Постройте график функции y=x^4-3x^2-4/x^2-4

Graph of the Function y=x^4-3x^2-4/x^2-4

To graph the function y=x^4-3x^2-4/x^2-4, we can start by analyzing its behavior and identifying key points.

Behavior Analysis: The behavior of the function can be understood by analyzing its components and identifying any vertical or horizontal asymptotes, intercepts, and critical points.

Vertical Asymptotes: The vertical asymptotes occur where the denominator of the function becomes zero. In this case, the vertical asymptotes can be found by solving the equation x^2-4=0.

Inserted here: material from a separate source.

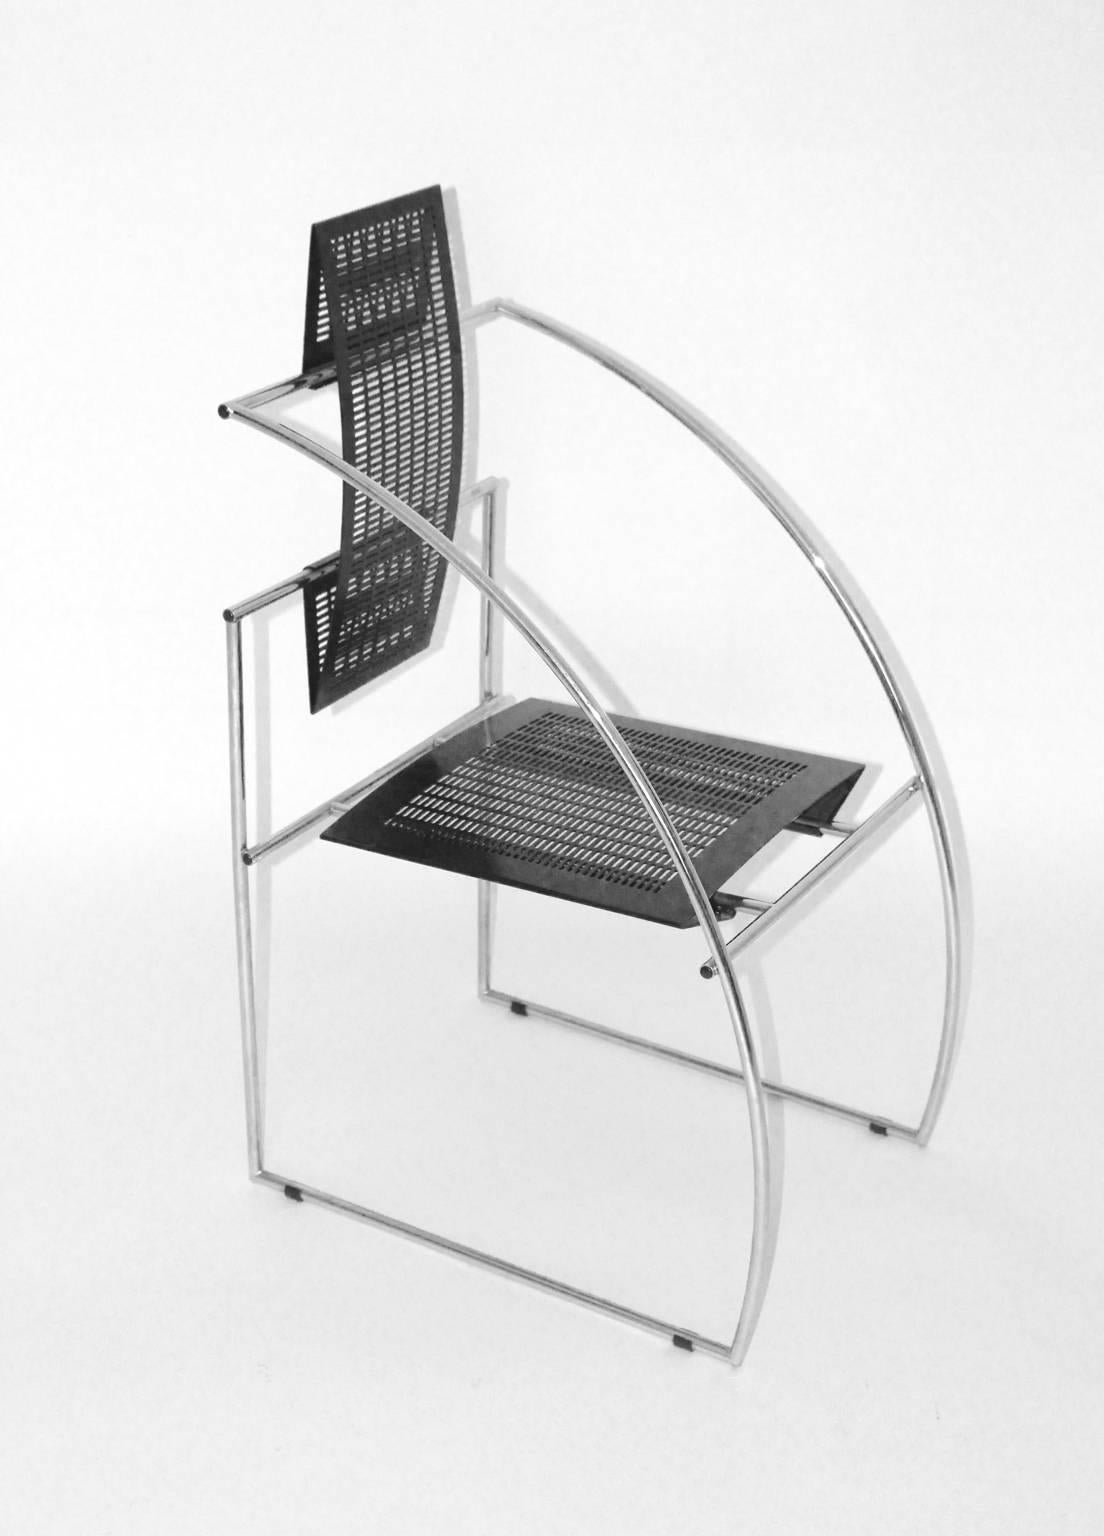 Postmoderner Satz von sechs Sesseln oder Esszimmerstühlen, entworfen von Maria Botta 198, Italien, und ausgeführt von Alias, Italien.
Das Stahlrohrgestell nimmt Kontakt zu Sitz und Rückenlehne aus gelochtem Schwarzblech auf und bildet so diese

Horizontal Asymptotes: The horizontal asymptote can be determined by analyzing the behavior of the function as x approaches positive or negative infinity.

Intercepts: The x-intercepts can be found by setting y=0 and solving for x. The y-intercept can be found by setting x=0 and evaluating y.

Critical Points: The critical points can be found by taking the derivative of the function and solving for points where the derivative is zero or undefined.

Graphing the Function

Vertical Asymptotes: The vertical asymptotes can be found by solving the equation x^2-4=0. - Solving x^2-4=0 gives x=2 and x=-2.

Horizontal Asymptotes: To determine the horizontal asymptote, we need to analyze the behavior of the function as x approaches positive or negative infinity.

Intercepts: To find the x-intercepts, we can set y=0 and solve for x. To find the y-intercept, we can set x=0 and evaluate y.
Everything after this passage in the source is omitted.